The bath temperature is set to 60 ° C. in order to obtain optimum distillation of the solvent. There should be a temperature difference of 20 K between the individual stages - if the values ​​from the table are used, the steam has a temperature of 40 ° C at the set pressure for the respective solvent, the water bath 60 ° C and the cooling liquid 20 ° C. 40 ° C / 20 ° C / 0 ° C would also be possible, but the pressure cannot then be taken from the table.

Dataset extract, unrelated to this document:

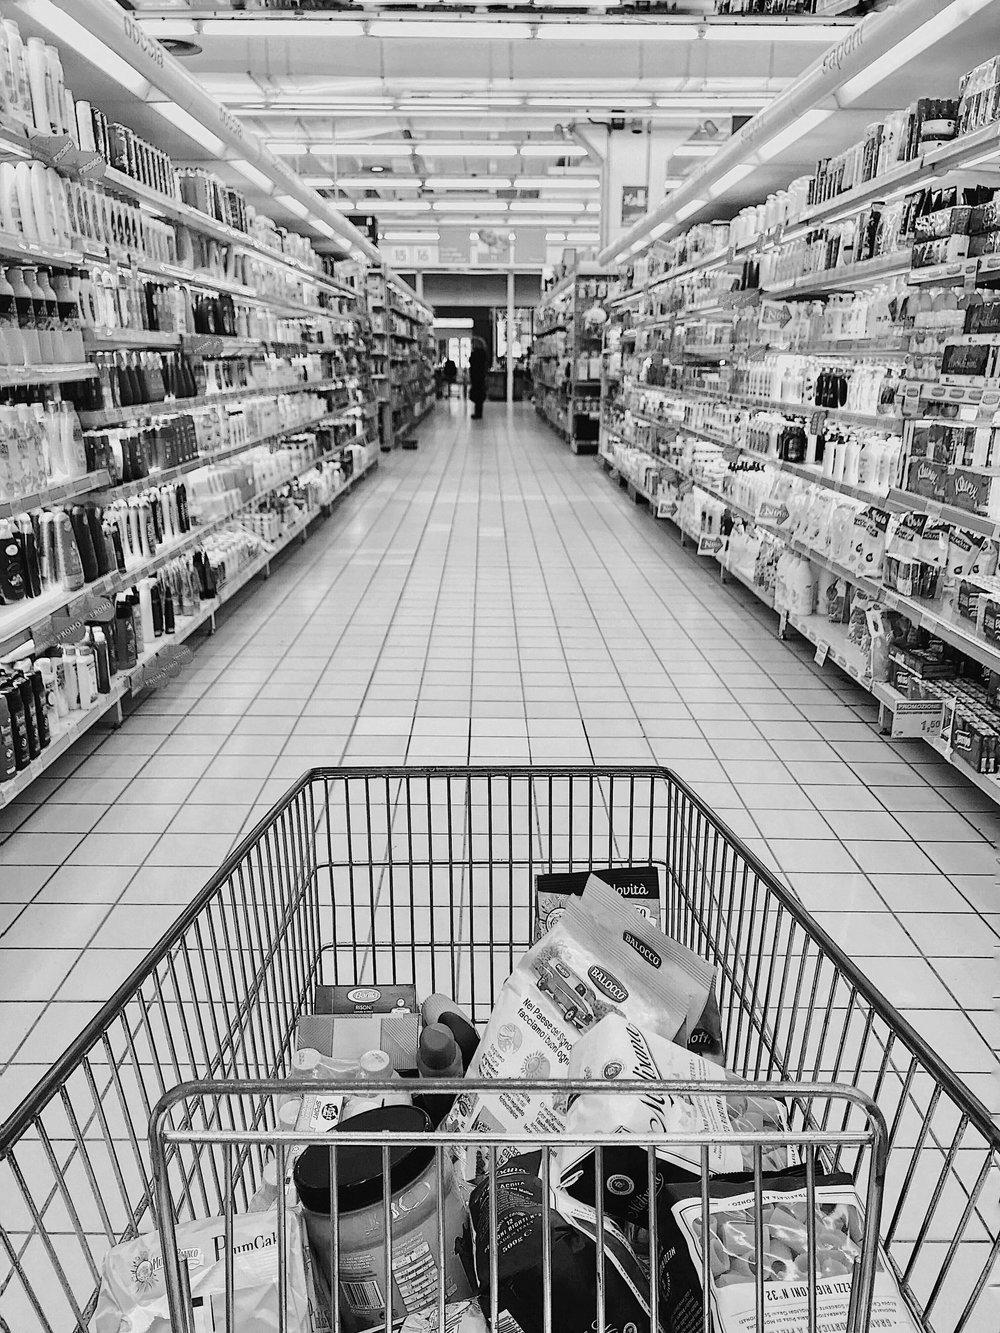 Wi-Fi HaLow in Retail Shopping Cart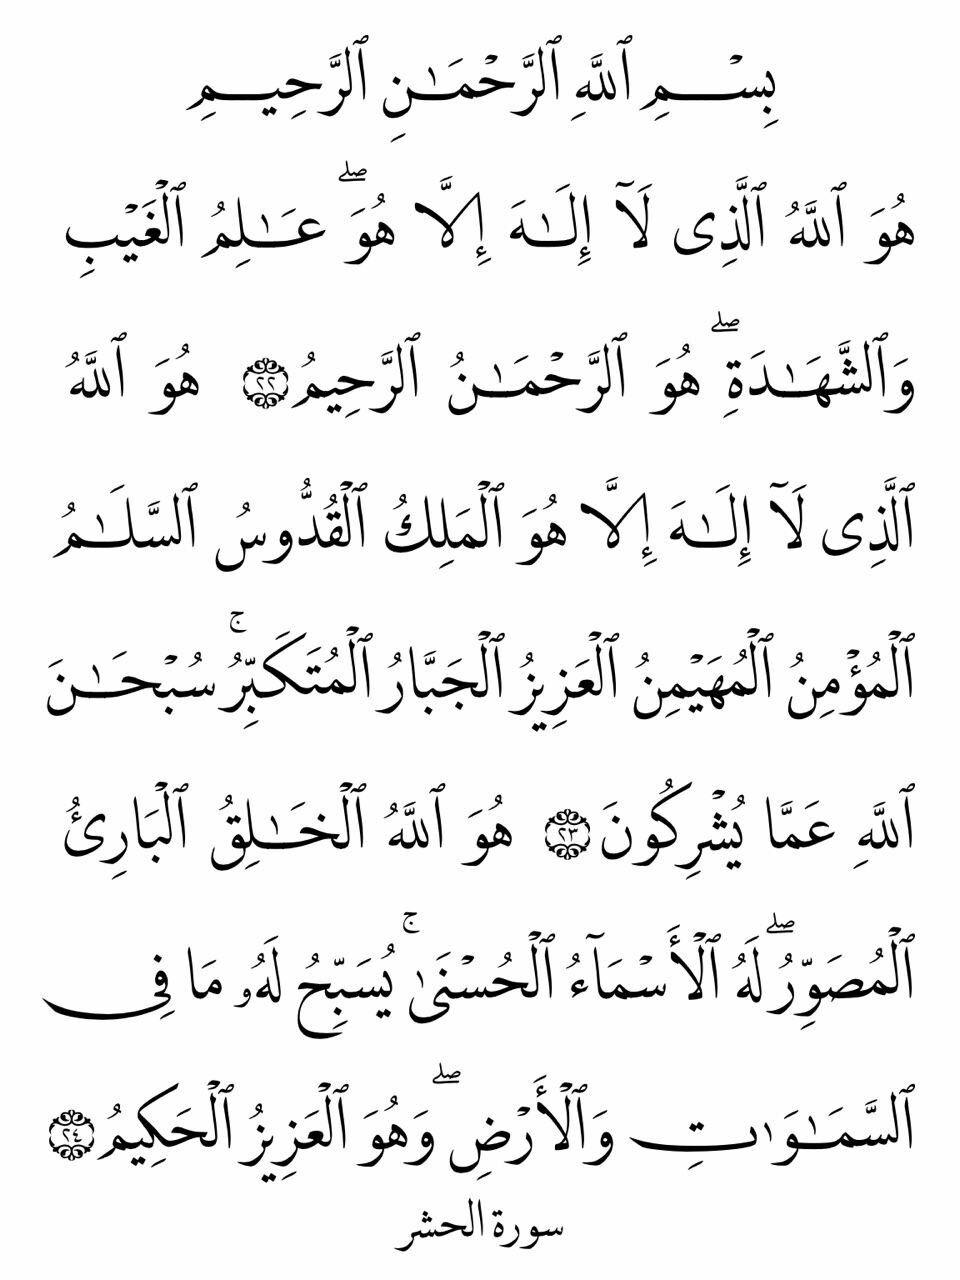 هو الله الذي لا إله إلا هو عالم الغيب والشهادة هو الرحمن الرحيم سورة الحشر Quran Quotes Love Quran Verses Learn Quran

Vapor pressure table for solvents
solvent Negative pressure (mbar) for
boiling point at 40 ° C
acetone 556
Acetonitrile 226
1-pentanol (amyl alcohol) 11
benzene 236
n -butanol 25th
tert -butanol 130
Chlorobenzene 36
chloroform 474
Cyclohexane 235
1,2-dichloroethane 210
cis - 1,2-dichloroethene 479
trans - 1,2-dichloroethene 751
Diisopropyl ether 375
1,4-dioxane 107
Dimethylformamide (DMF) 14th
1,2-dimethoxyethane 295
Ethanol 175
acetic acid 44
Ethyl acetate (ethyl acetate) 240
Heptane 120
Hexane 335
Isopropanol 137
3-methyl-1-butanol (isoamyl alcohol) 14th
Butanone (ethyl methyl ketone) 243
Methanol 337
Dichloromethane (methylene chloride) no negative pressure
n -pentane no negative pressure
1-propanol 67
Pentachloroethane 13
1,1,2,2-tetrachloroethane 35
1,1,1-trichloroethane 300
Tetrachlorethylene 53
Carbon tetrachloride 271
Tetrahydrofuran (THF) 374
toluene 77
Trichlorethylene 183
water 72
Xylene 25th

safety instructions

  • When working with negative pressure, a rotary evaporator must either be in a fume hood or be surrounded by safety walls, e.g. B. be surrounded by acrylic glass so that as few splinters as possible are distributed in the event of an implosion.
  • Low-boiling, highly flammable solvents such as diethyl ether and carbon disulphide should not be distilled off using a rotary evaporator because the risk of fire is then very high. The heat from a poorly lubricated lip seal can be enough to cause the fumes to ignite.
  • Solutions of unstable products such as azides or peroxides must not be concentrated using a rotary evaporator, or only if special conditions are met. Under no circumstances should the solution be completely evaporated. In the case of ethers such as dioxane or tetrahydrofuran and many other ethers, ether peroxides can be formed which, in highly concentrated form, tend to explode.

Web links

Commons : Rotary Evaporator  - Collection of Images, Videos and Audio Files

Individual evidence

  1. ^ LC Craig, JD Gregory, W. Hausmann: Versatile Laboratory Concentration Device . In: Analytical Chemistry . tape 22 , no. 11 , 1950, pp. 1462-1462 , doi : 10.1021 / ac60047a601 .
  2. ^ Büchi Labortechnik GmbH .
  3. ^ Walter Wittenberger: Chemical laboratory technology . 7th edition. Springer-Verlag, Vienna / New York 1973, pp. 186–187, ISBN 3-211-81116-8 .
  4. Becker, HGO (Heinz GO), Beckert, R .: Organikum: organic-chemical basic internship . 23rd edition. Wiley-VCH, Weinheim 2009, ISBN 978-3-527-32292-3 ( OCLC 318670238 [accessed June 26, 2019]).
  5. Operating instructions for the rotary evaporator of Bielefeld University accessed on May 31, 2019.